MacAllister looked at Winchester. The surgeon was sitting back in his chair, enjoying his tea, watching them with interest. "Sorry to keep you waiting, Major." Crockett apologized.

"That's OK, big brother." Sarabeth answered for the other man. "Everyone knows a doctor has to have patients."

The MacAllisters laughed and Winchester shook his head in response.


Oct. 14th: 1800 hours

Standing near Pierce's bed, Sarabeth quietly covered the sleeping surgeon with a blanket. She walked back over to where the men were still sitting at the table. She put her hands on her brother's shoulders. He stretched his arm around her waist to pull her closer to him.

"I've been trying to think of words that rhyme with Korea." Sarabeth whispered. "So far, all I've thought of is...diarrhea. Any others?"

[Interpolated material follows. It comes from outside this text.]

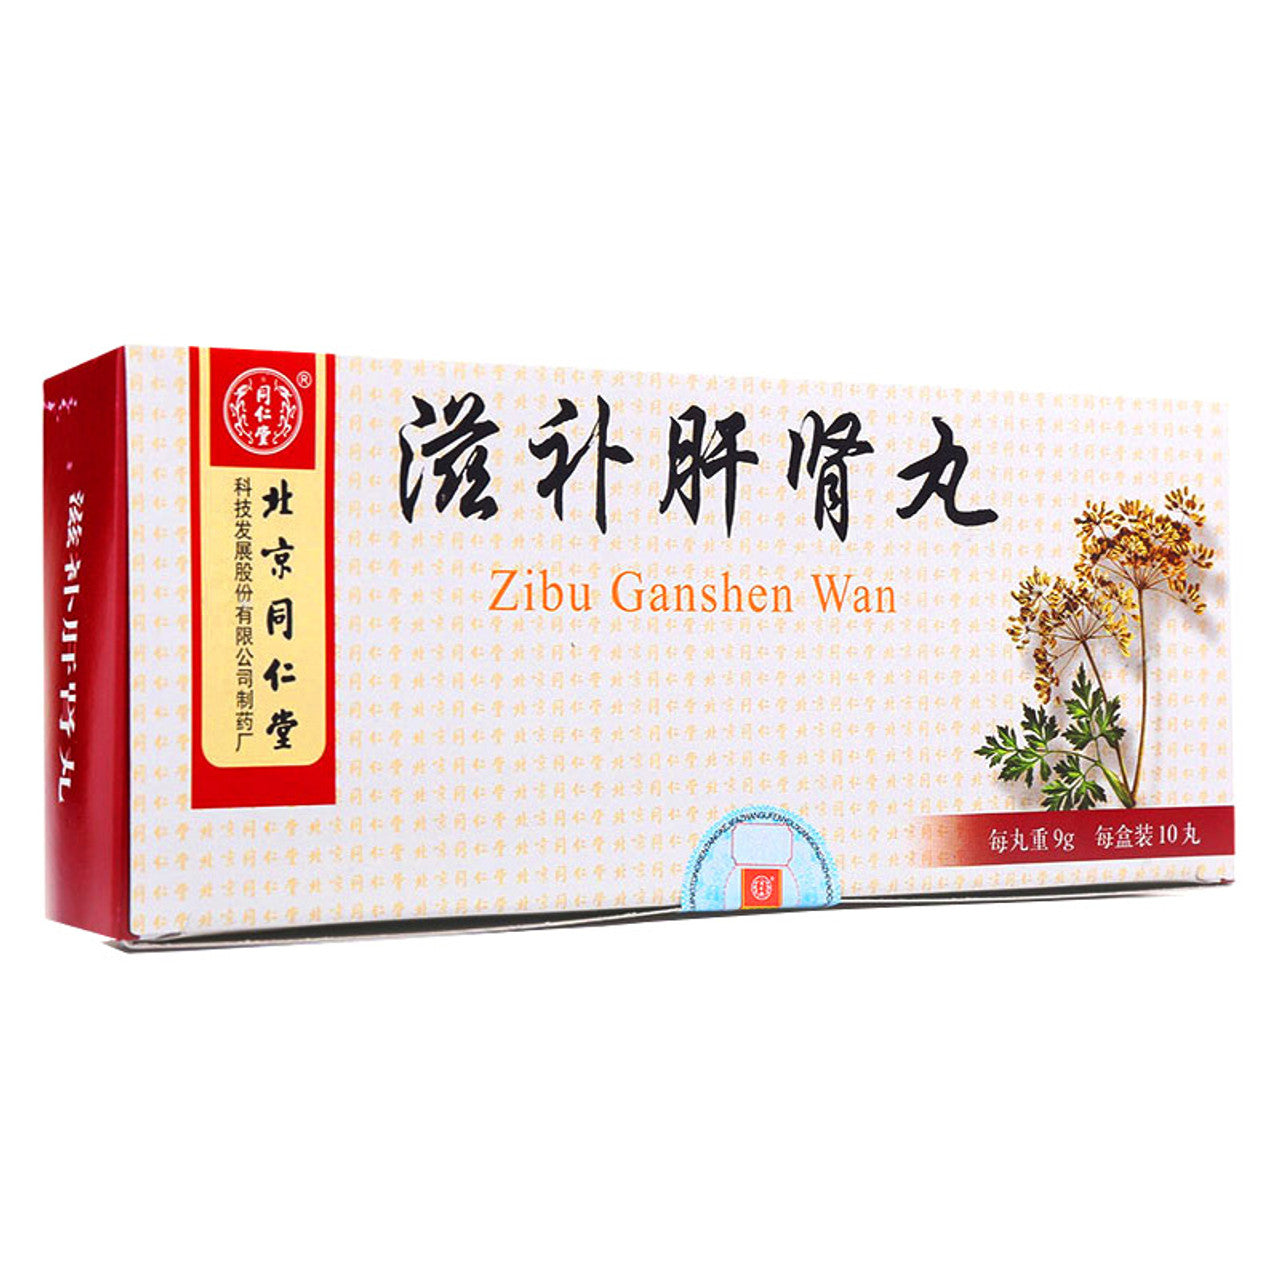 China Herb. Zibu Ganshen Wan or Zibu Ganshen Pills or Nourishing Liver and Kidney Pills For chronic hepatitis and chronic nephritis with Yin deficiency syndrome.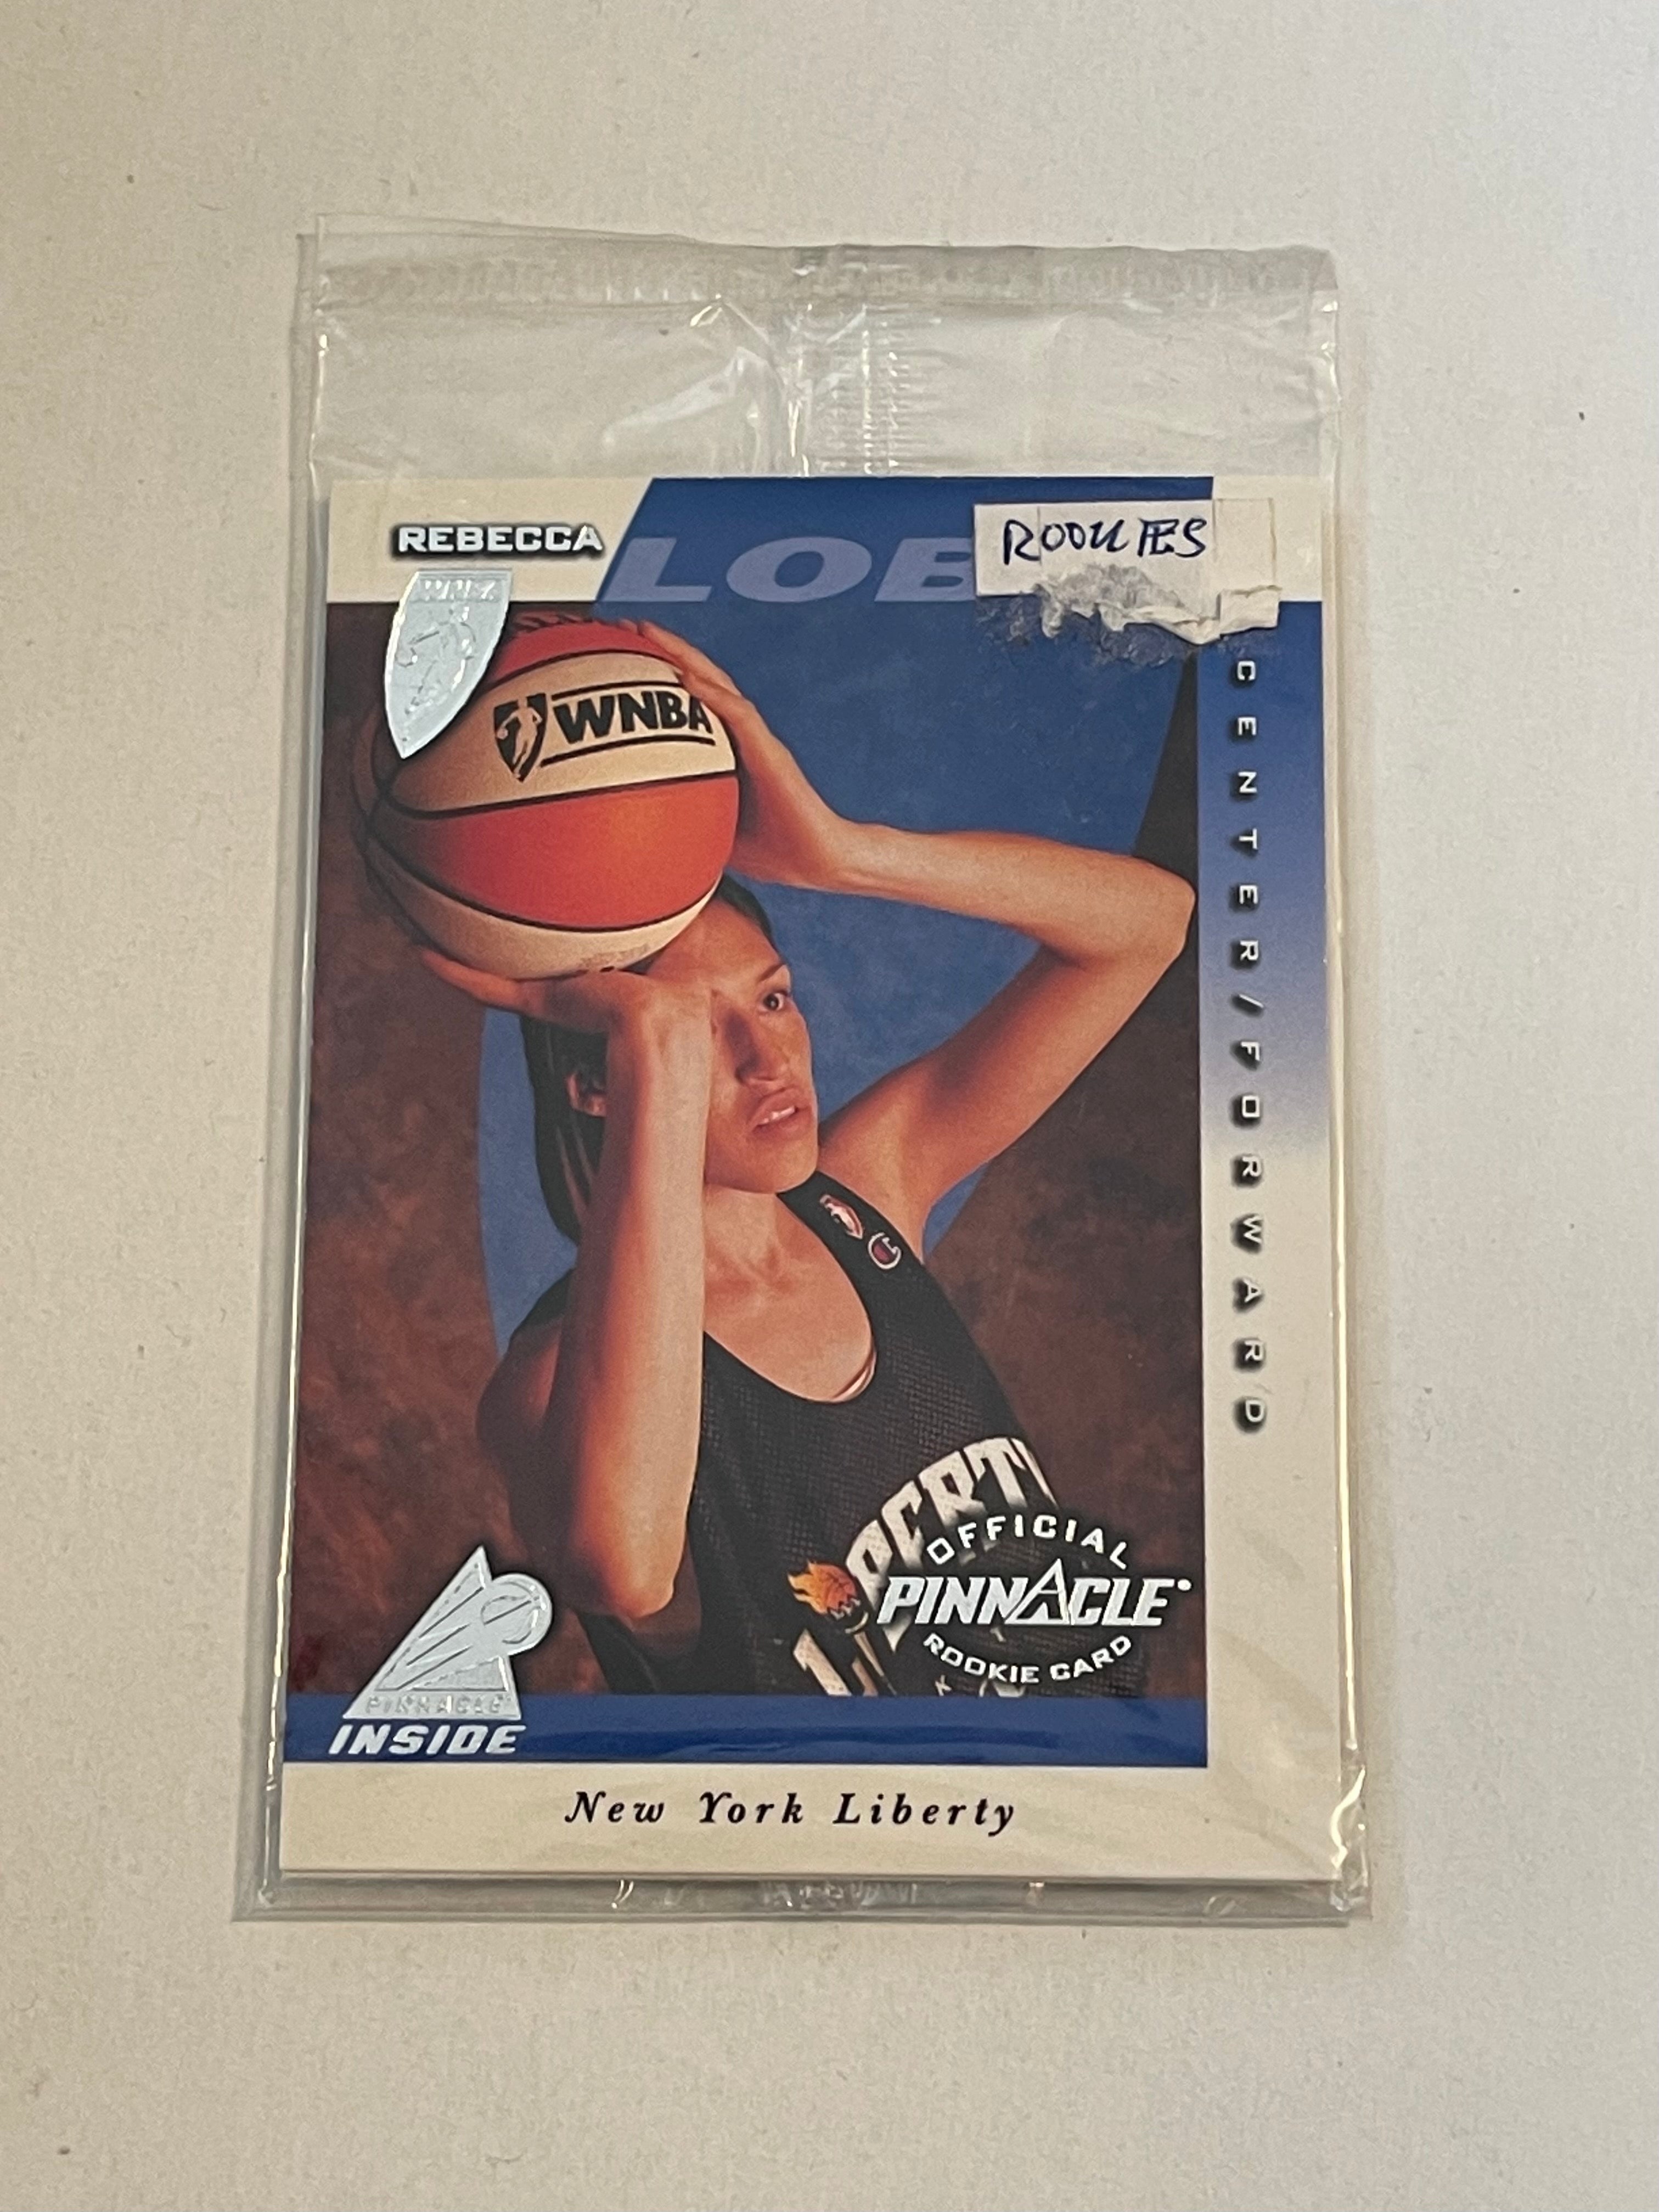 WNBA basketball factory sealed rookie pack Lisa Leslie and Rebecca Lobe 1997

"Huntington's Chorea." The major suggested.

"Gonorrhea." Was Crockett's response.





Several words were offered quietly.

"All of which aptly describe Korea." Sarabeth declared in a soft tone. "And, with those lovely words to inspire me, I think I'll go on duty early and see if I can't convince B J to come back to the Swamp to rest. Kellye may need some help, anyway."

"Kellye?" MacAllister didn't look up from the chess board. Nonchalantly, he asked, "Isn't she that pretty, dark-haired nurse who was collecting blood?"

"That's her."

"When she goes off duty, do you reckon Lieutenant Kellye might let me escort her to her tent?"

Sarabeth grinned. "I reckon she might. And, if she won't, the entire nursing staff will gladly volunteer for that honor."

She offered them the cookie tin. "Last call." At their refusals, she placed the container on the table next to the still. "The rest are for B J and Hawkeye." She collected her dishes. "Charles, where is the water bucket you keep for washing?"

"Pierce used it earlier to rinse out his socks." Winchester reported. "I haven't had the opportunity to refill it."

"Well, at least he's finally washing them!" Sarabeth smiled as Crockett helped her into her coat. "I get off at 0100 hours, brother mine. I'd welcome an escort, then."

"I'll be there." Her brother promised her. "Major, do you want me to leave, as well?" The older MacAllister offered. "So you can get ready for duty?"

"Not at all, Colonel. Let's finish this tie breaker, shall we?"


Releasing her after a quick kiss, Crockett watched Sarabeth through the door screen. He waited until she was inside her quarters before returning to his seat. His expression was troubled.

"How many sisters do you have, Winchester?"

"Only one. And I am very grateful that I do not have to worry about her being in this hellhole."

They resumed their chess game. For a few minutes, Crockett was silent. Then he said, "I could have her transferred to Tokyo General or even to a stateside hospital. And I probably should. But I know my sister. She's so fiercely independent! Short of chaining her to the operating table, there's no way you can keep her where she doesn't want to be."

Winchester grinned at the man. "I have noticed that she is rather...determined."

MacAllister grinned back at him. "You can call her hard-headed. I have...on occasion."

"Sarabeth told me that the people who call her hard-headed are wrong."

Crockett laughed. "Does she tease you a lot, Winchester?"

"All the time."

"Do you mind?"

"I grumble about it. Actually, however, I enjoy it."